(Exercise data Opens)

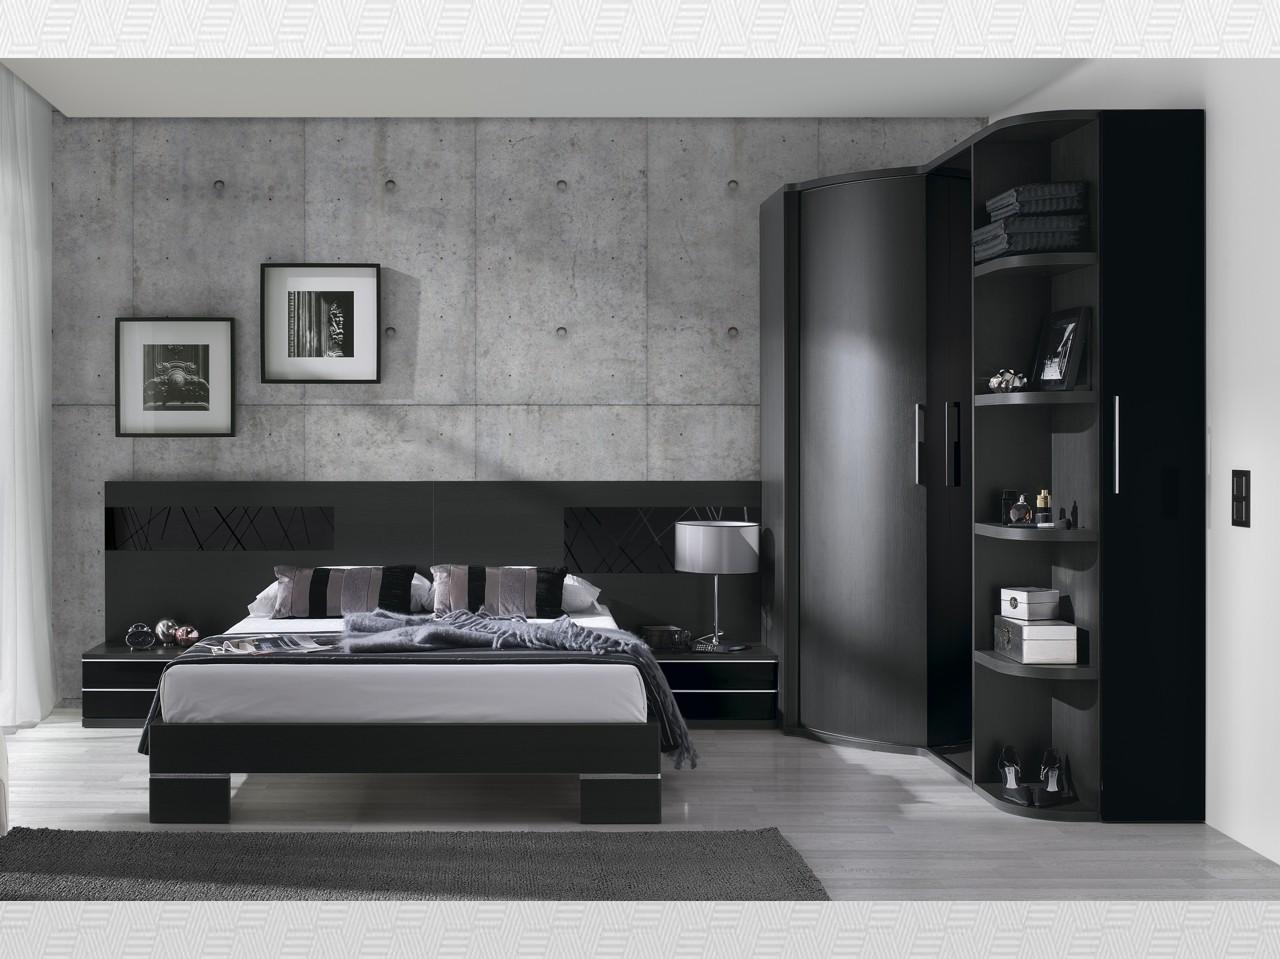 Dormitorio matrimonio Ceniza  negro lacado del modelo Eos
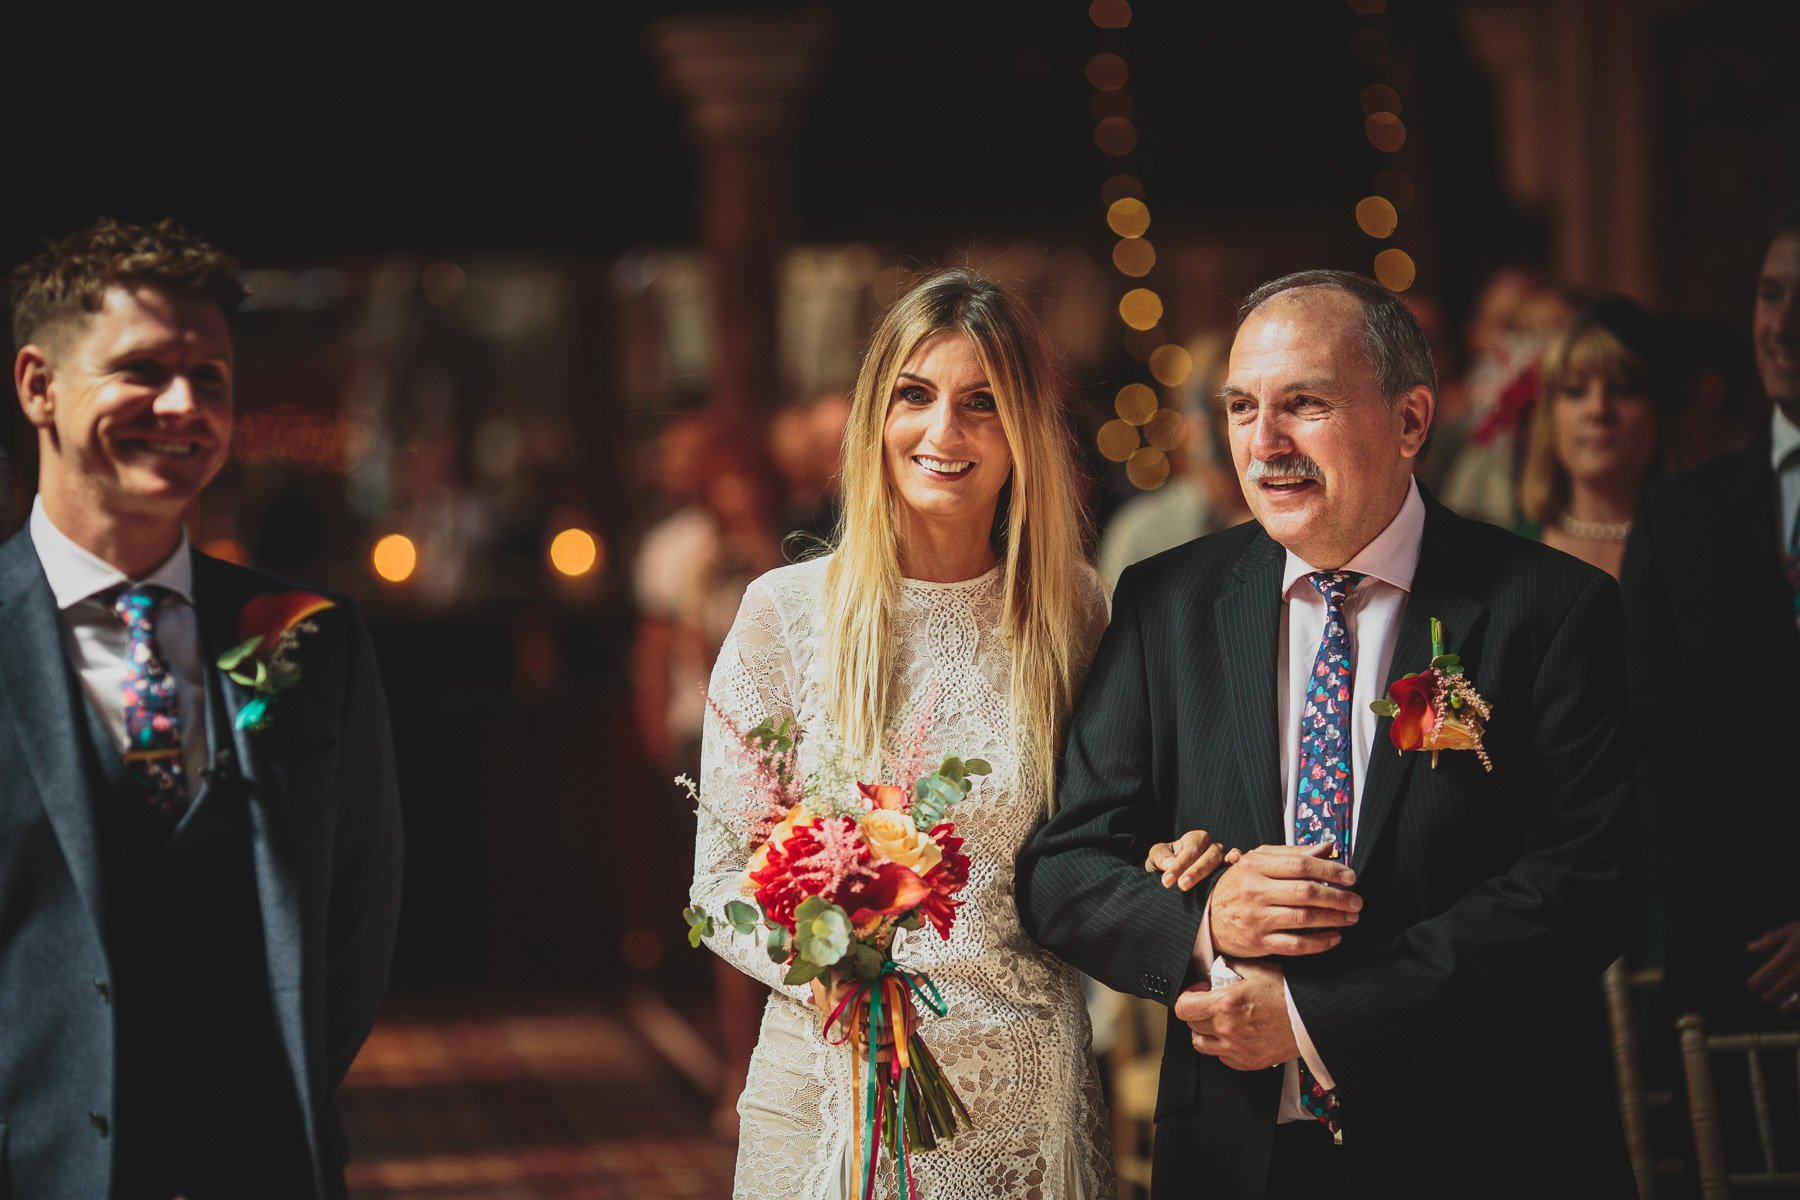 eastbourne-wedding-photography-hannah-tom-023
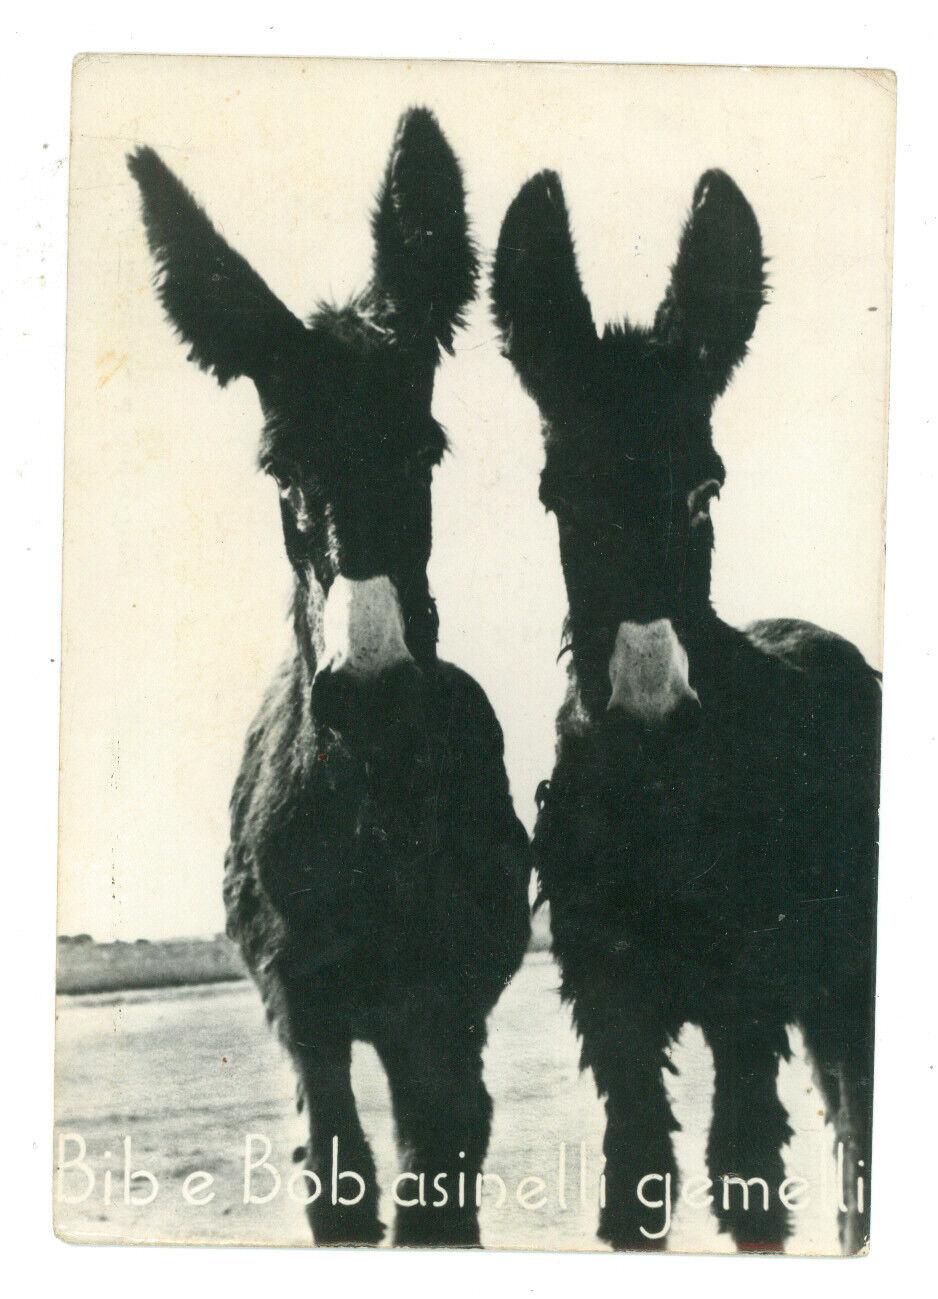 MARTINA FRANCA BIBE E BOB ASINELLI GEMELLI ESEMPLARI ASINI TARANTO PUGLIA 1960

(Exercise data Closes)

Instructions to follow:
The material above is to be transcribed exactly, with all pictures omitted.

Response to the task:
 Dormitorio matrimonio Ceniza  negro lacado del modelo Eos
 eastbourne-wedding-photography-hannah-tom-023
 MARTINA FRANCA BIBE E BOB ASINELLI GEMELLI ESEMPLARI ASINI TARANTO PUGLIA 1960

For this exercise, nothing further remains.